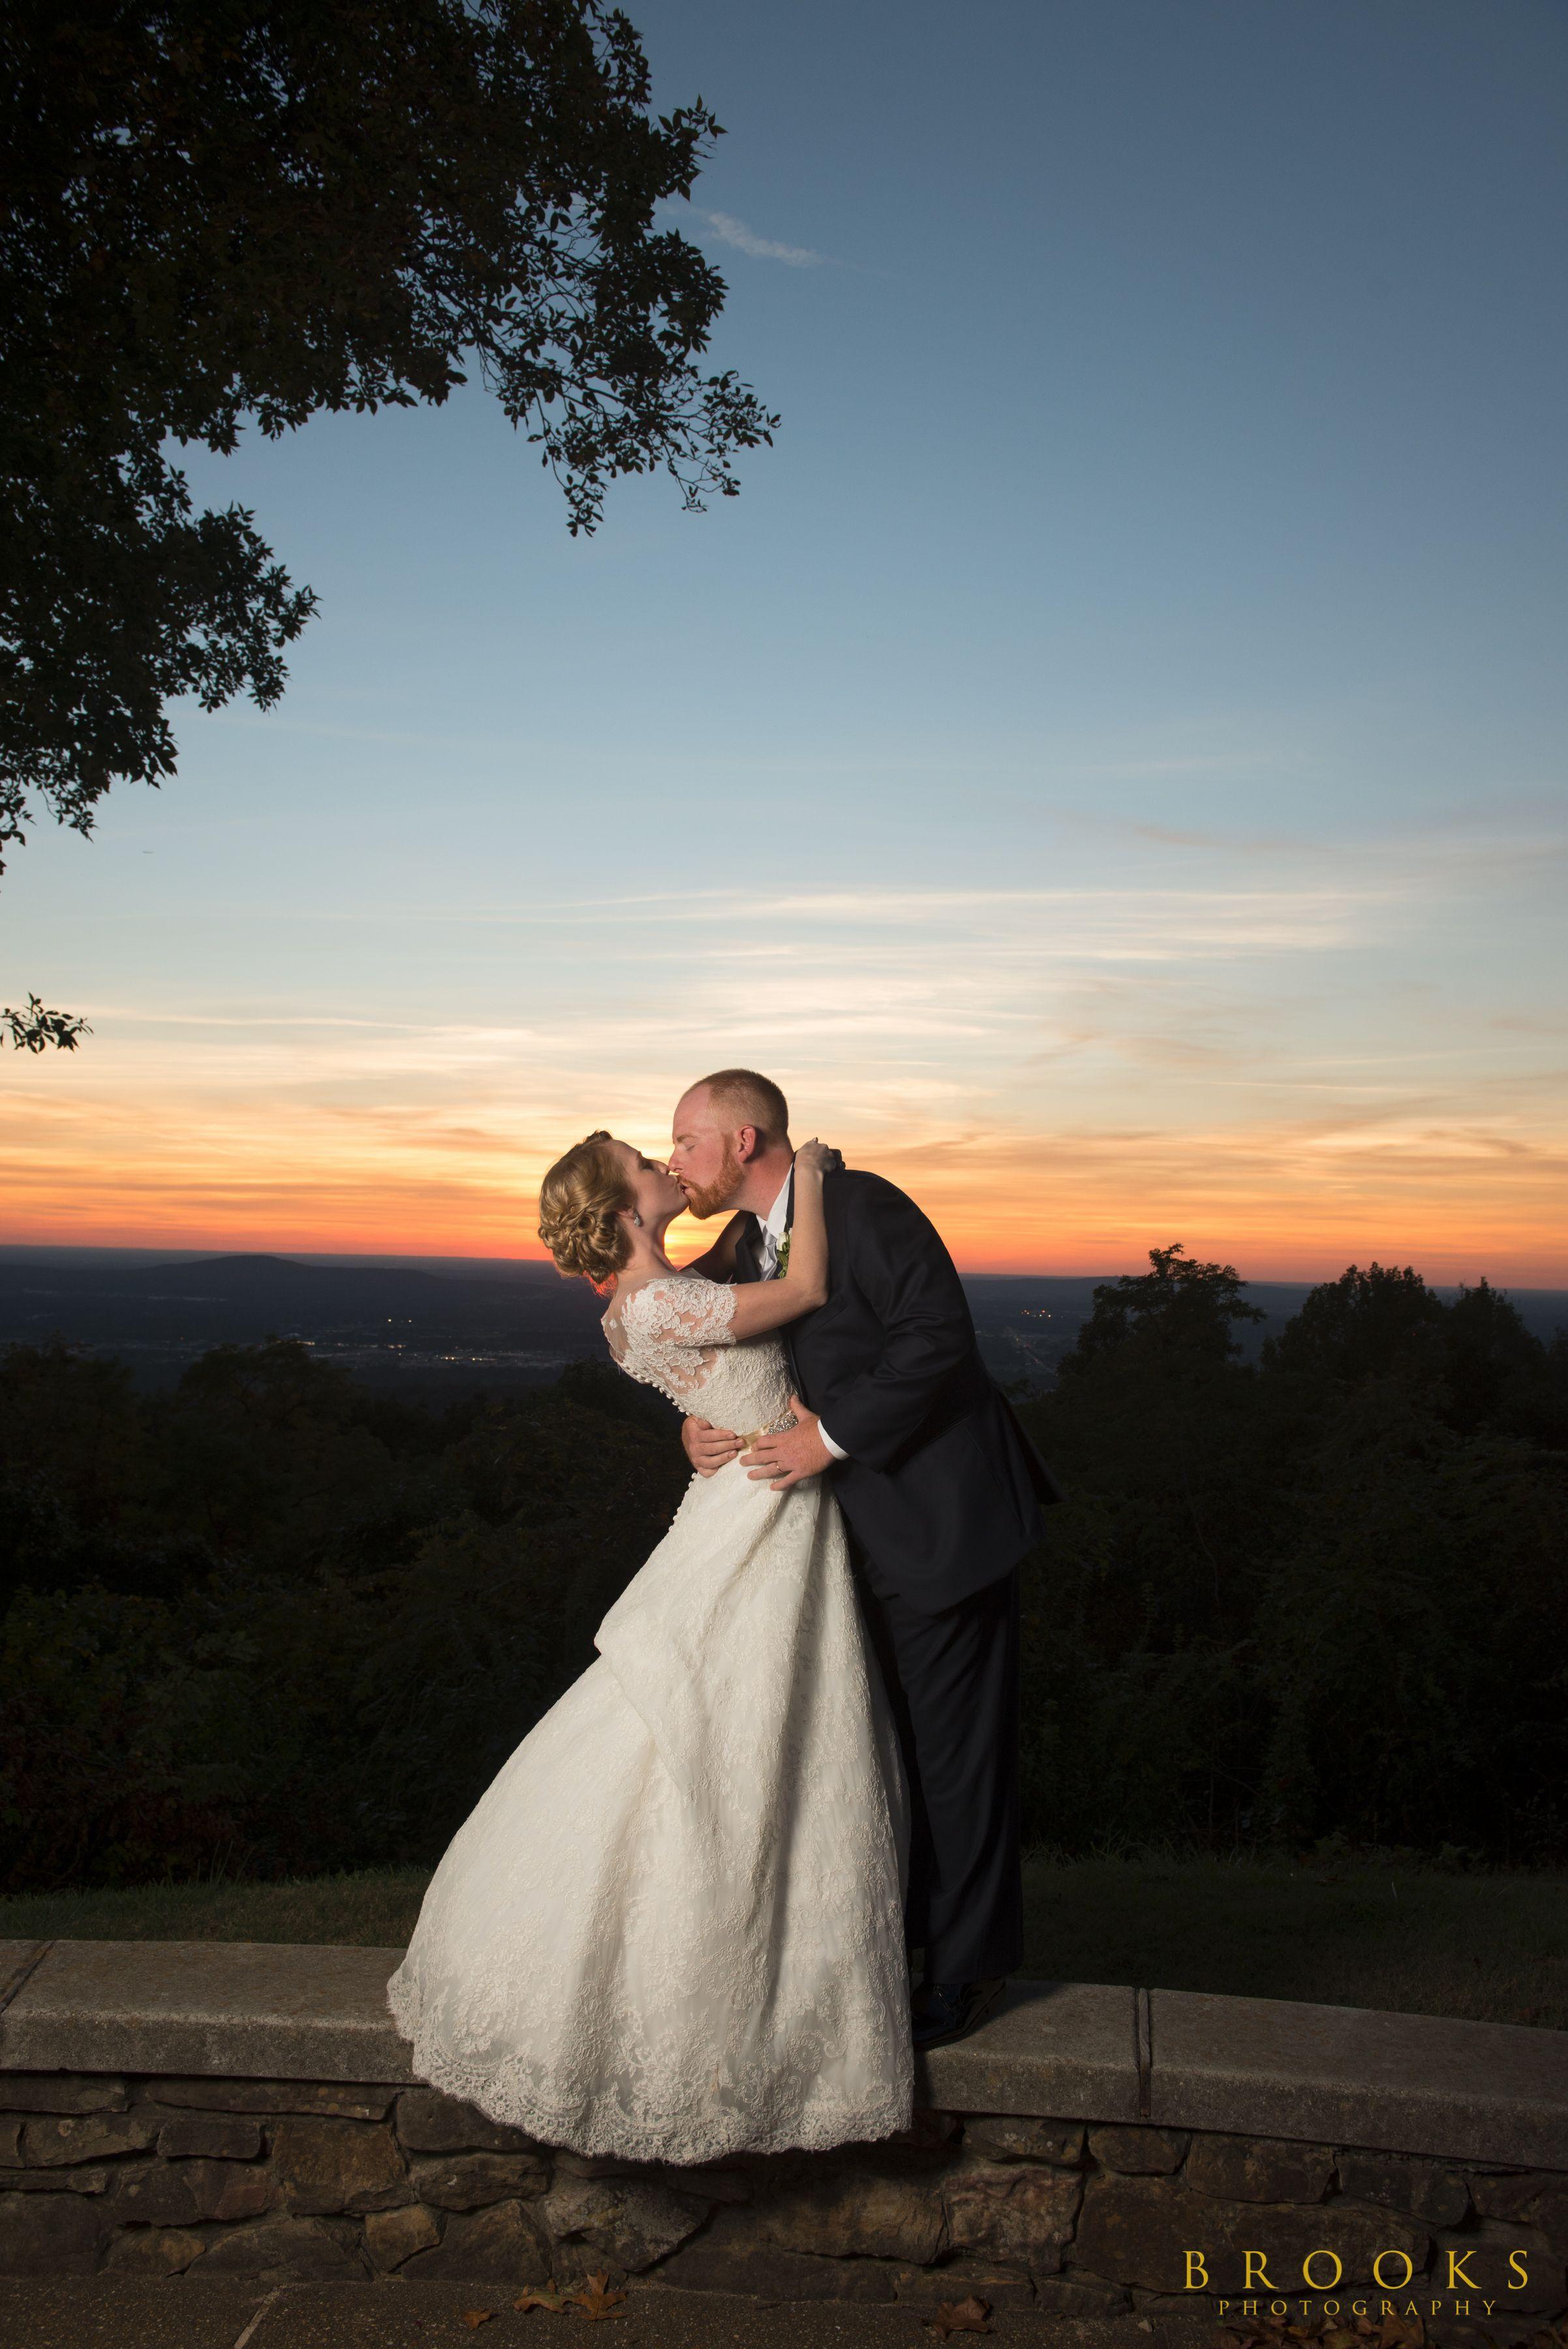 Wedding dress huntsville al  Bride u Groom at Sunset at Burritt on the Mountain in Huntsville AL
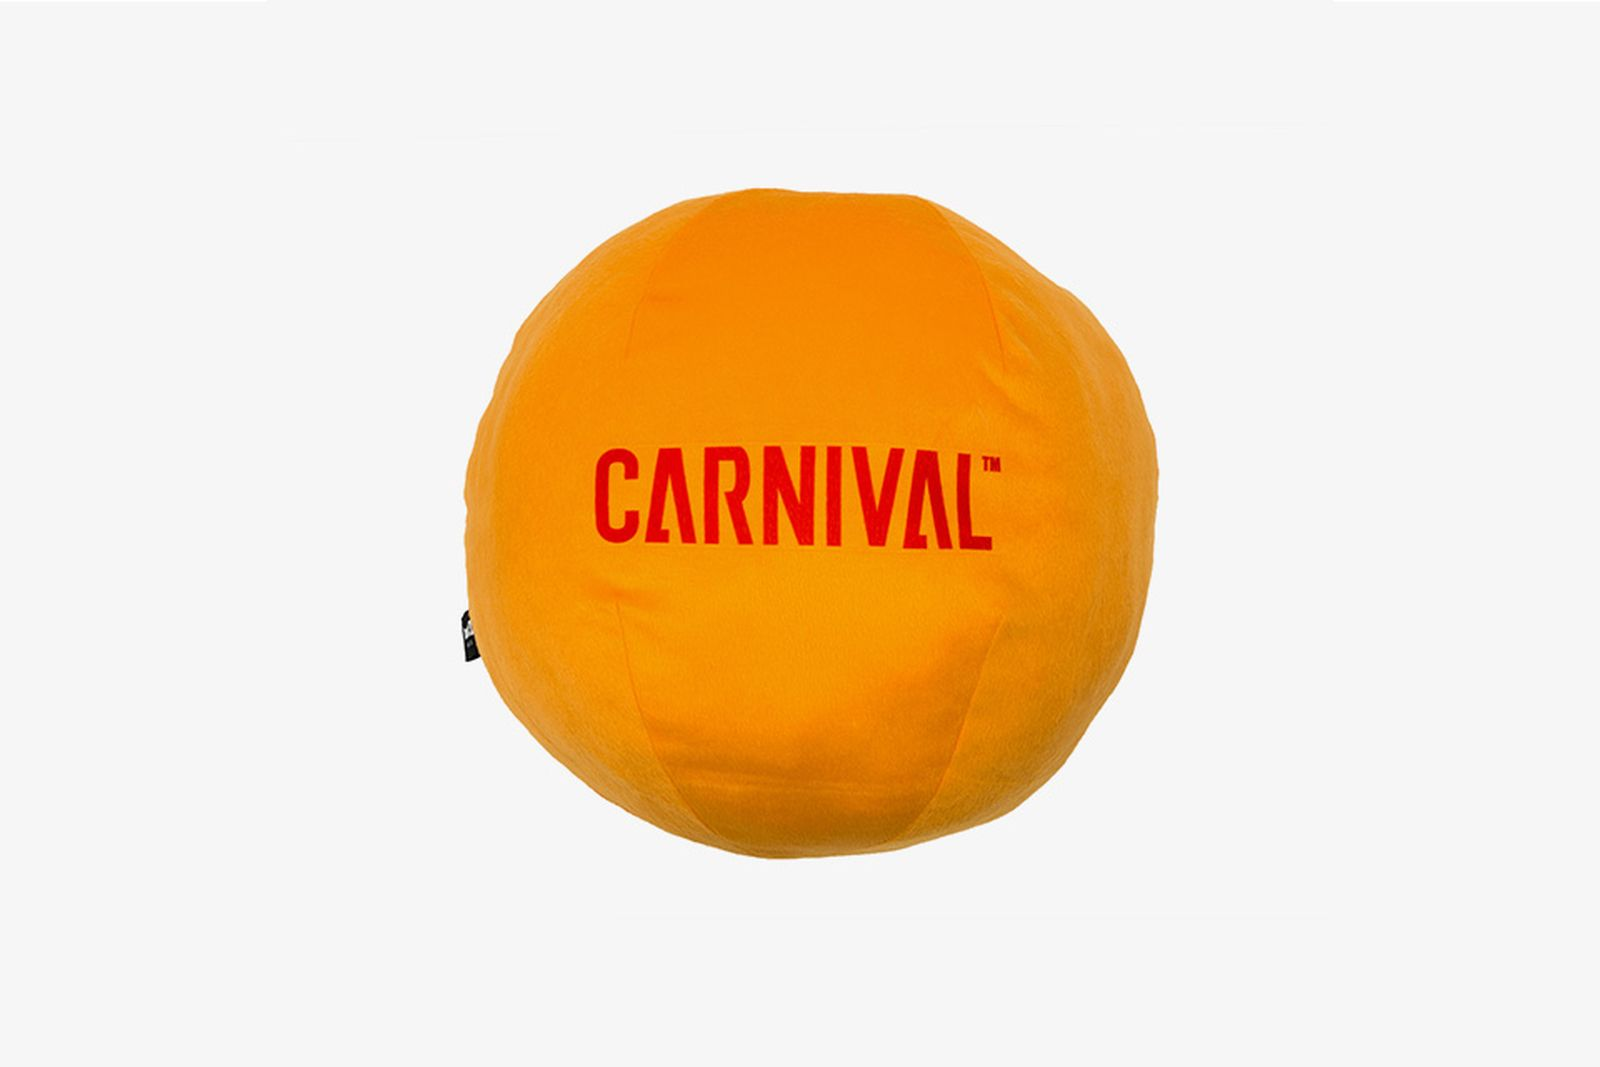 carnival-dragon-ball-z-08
--
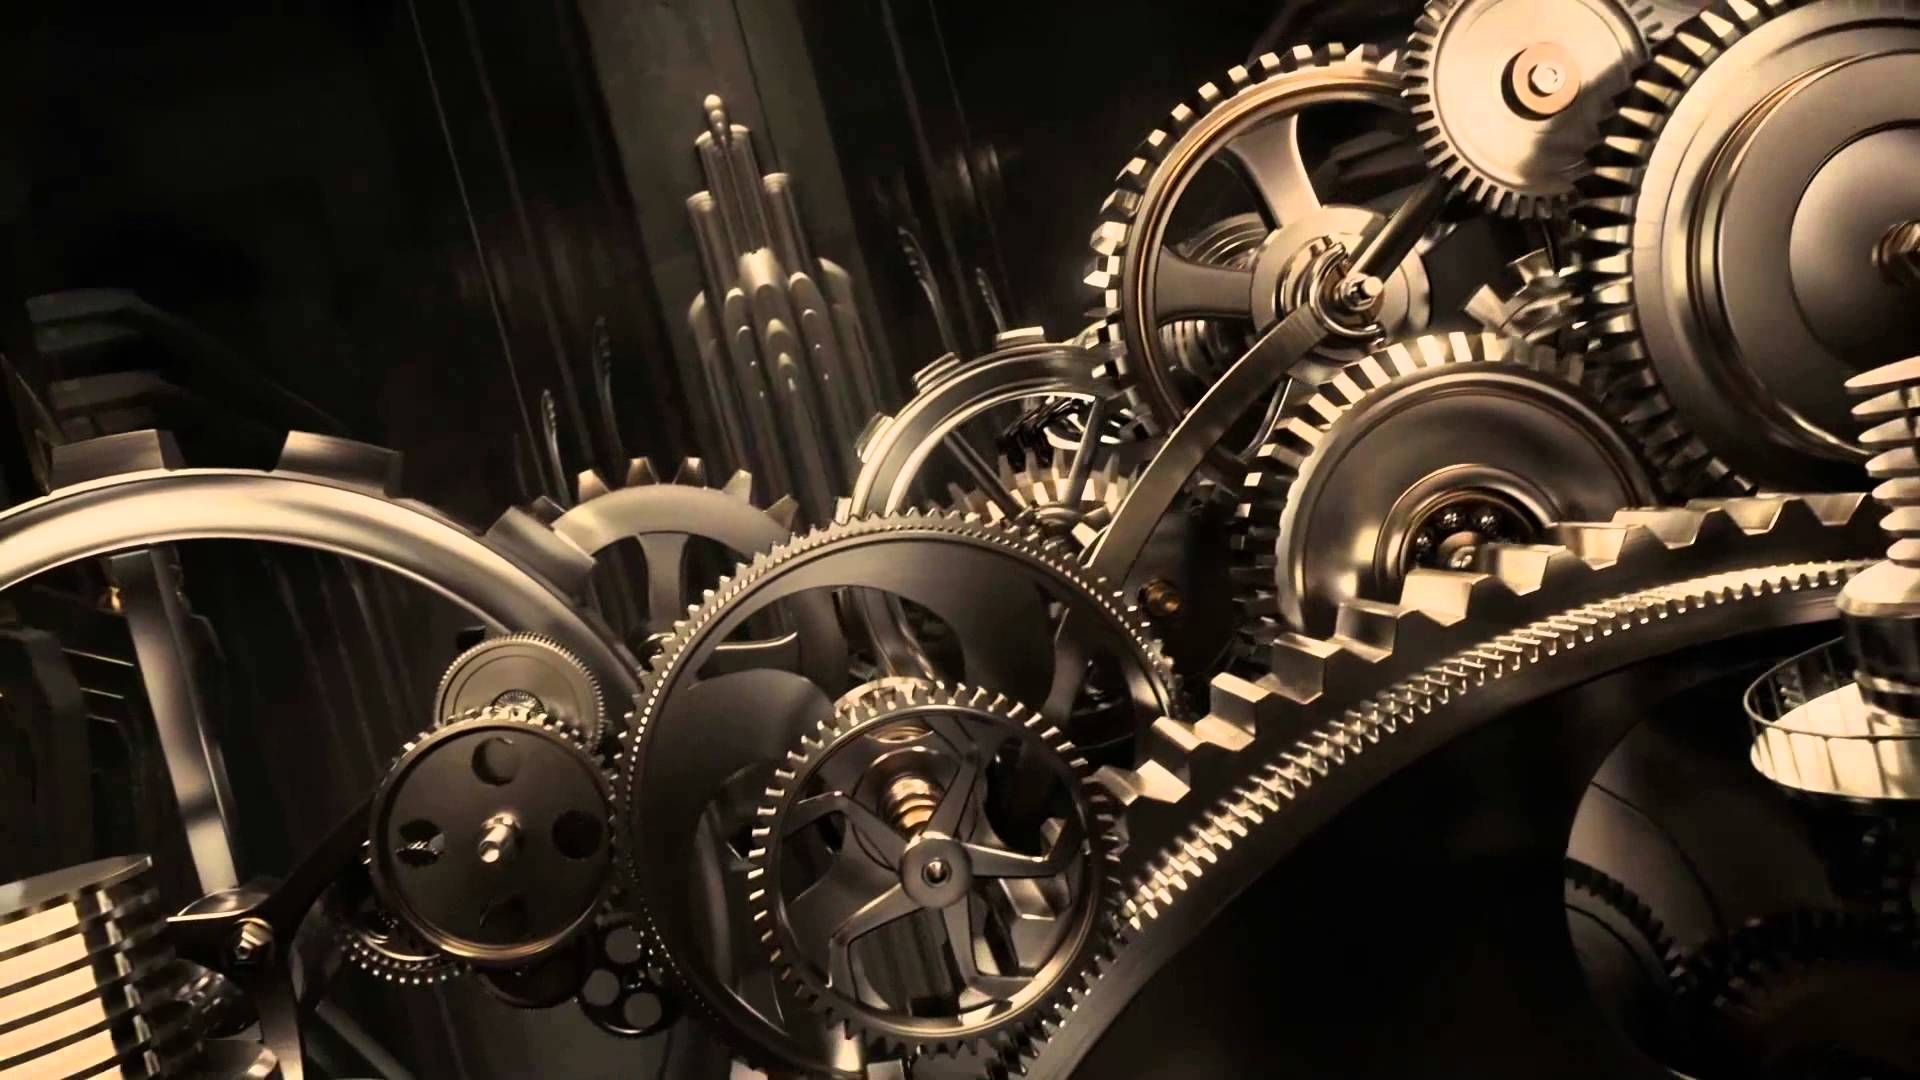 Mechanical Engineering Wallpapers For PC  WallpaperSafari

Task item:
In the records above, everything from the line with "Wedding dress huntsville" down to the line with "carnival-dragon-ball-z-08" is to be set down exactly, both ends included, with no pictures and no other lines.

Output:
 Wedding dress huntsville al  Bride u Groom at Sunset at Burritt on the Mountain in Huntsville AL
 carnival-dragon-ball-z-08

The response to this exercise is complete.